YOUR INSTRUCTIONS.
Transcribe only the part of the material below that begins at the line containing "Karte Skandinavien.Skandinavien Karte" and ends at the line containing "AUSMALBILDER - Deutschland: Ausmalbilder", with both kept and images left out.

DATASET ENTRIES.
== Segment start ==
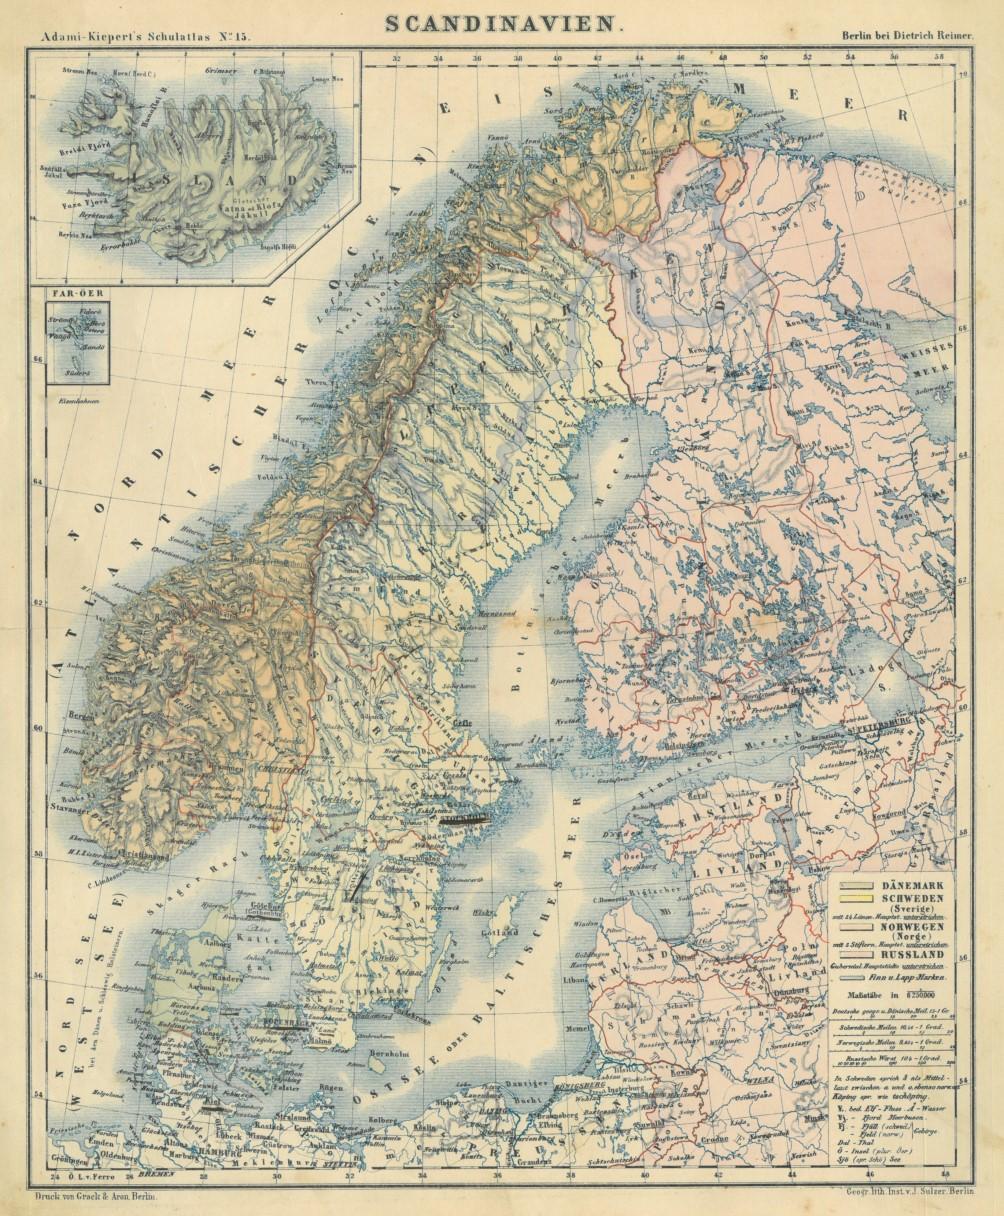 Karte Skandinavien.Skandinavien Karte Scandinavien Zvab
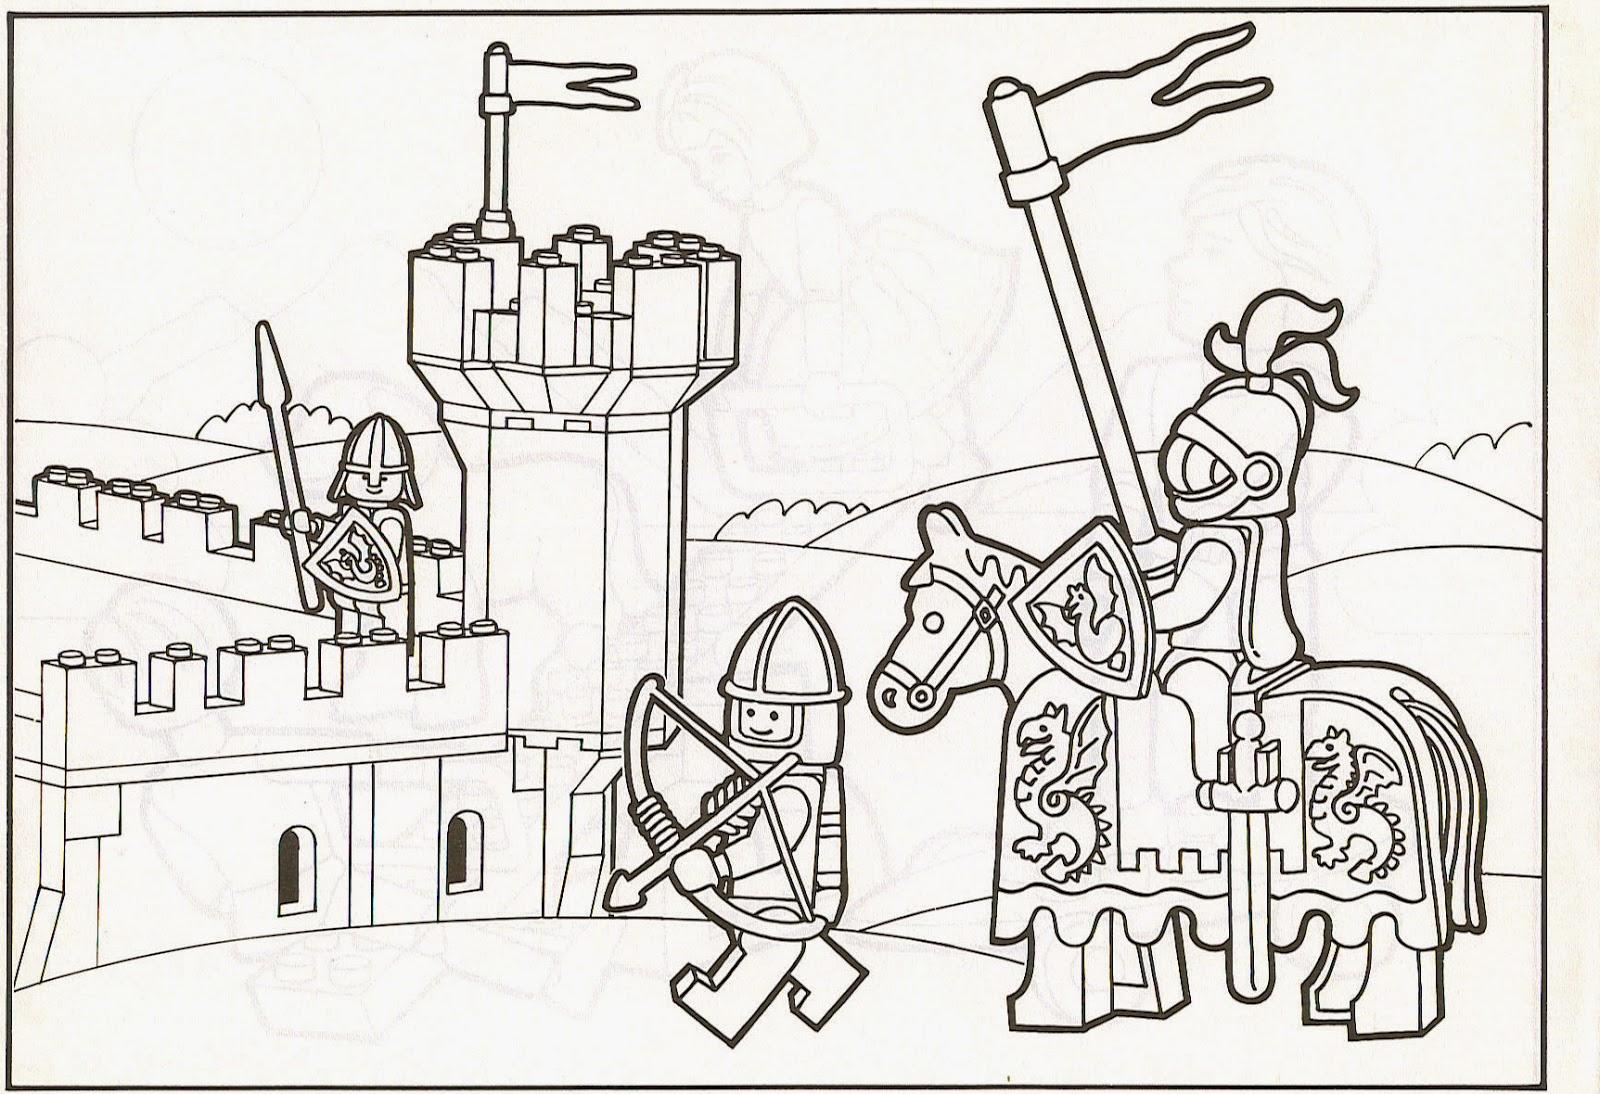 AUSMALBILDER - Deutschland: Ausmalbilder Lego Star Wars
== Segment end ==
== Segment start ==
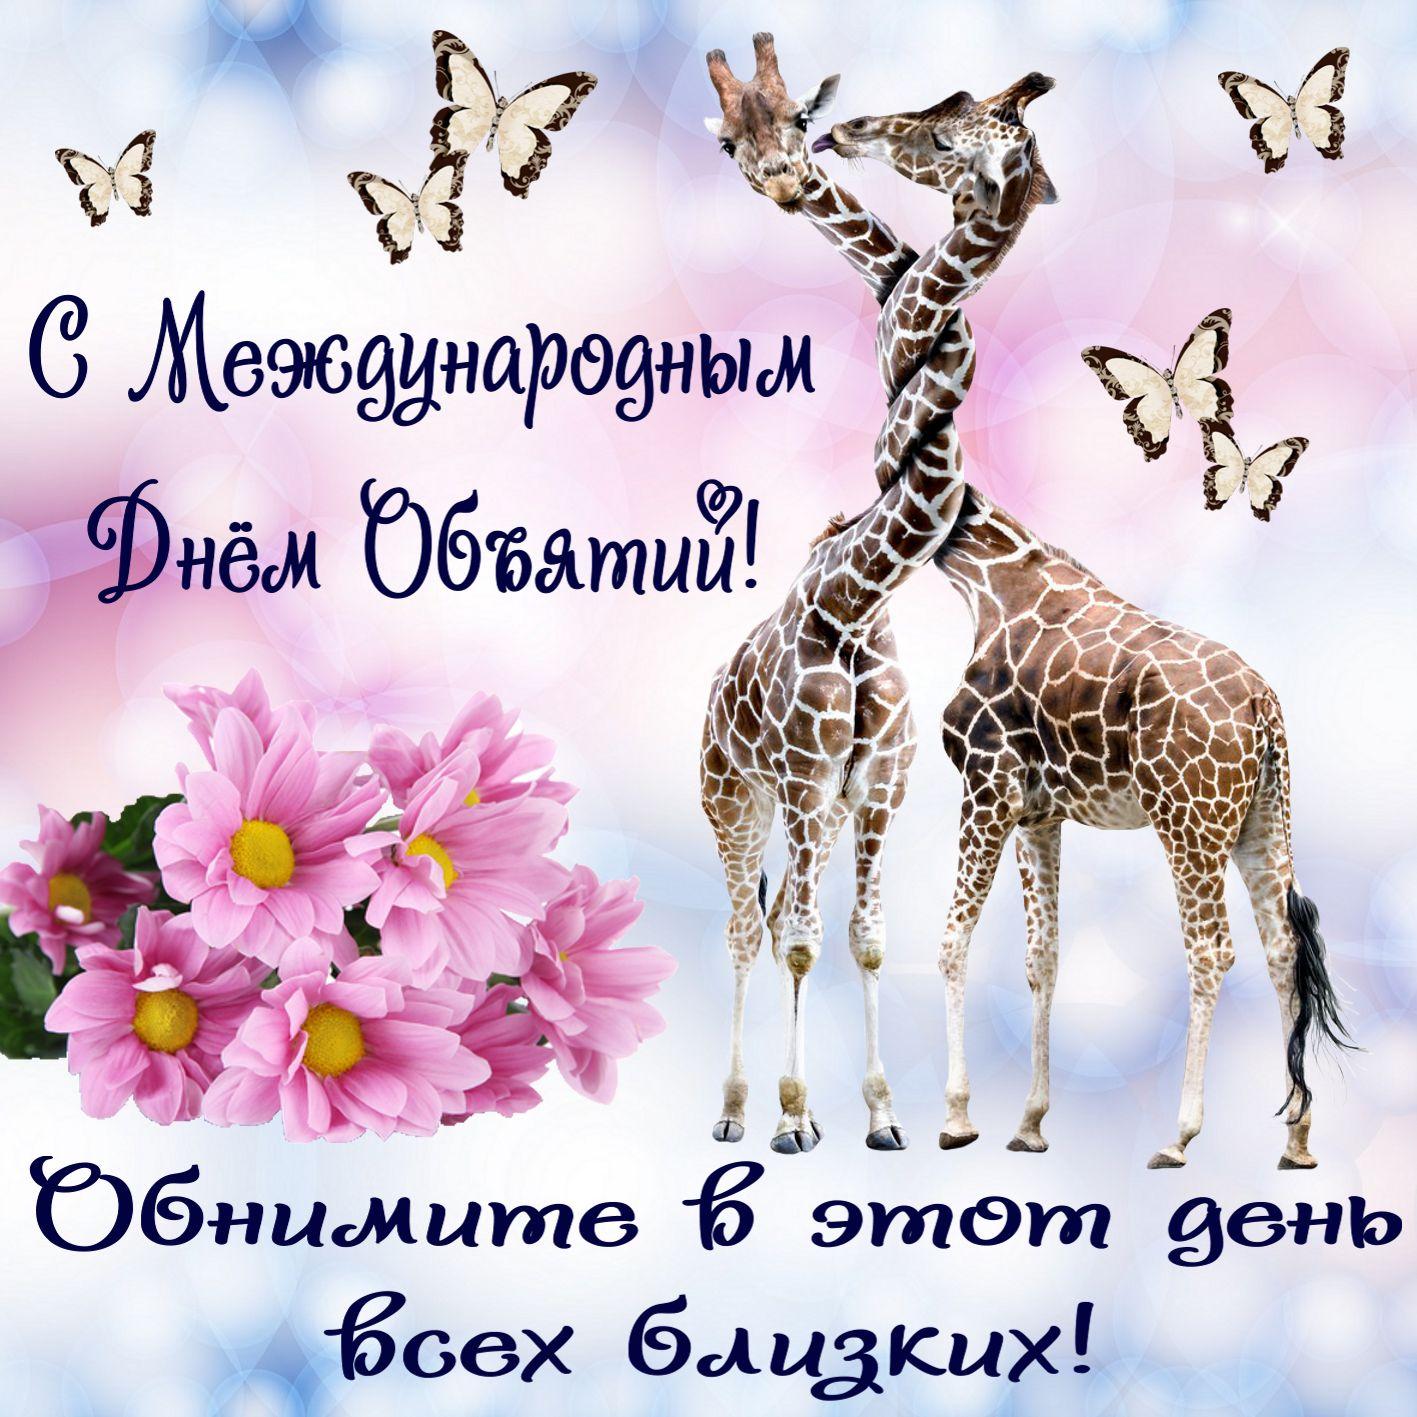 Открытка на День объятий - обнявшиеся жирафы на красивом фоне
== Segment end ==
EXPECTED OUTPUT.
 Karte Skandinavien.Skandinavien Karte Scandinavien Zvab
 AUSMALBILDER - Deutschland: Ausmalbilder Lego Star Wars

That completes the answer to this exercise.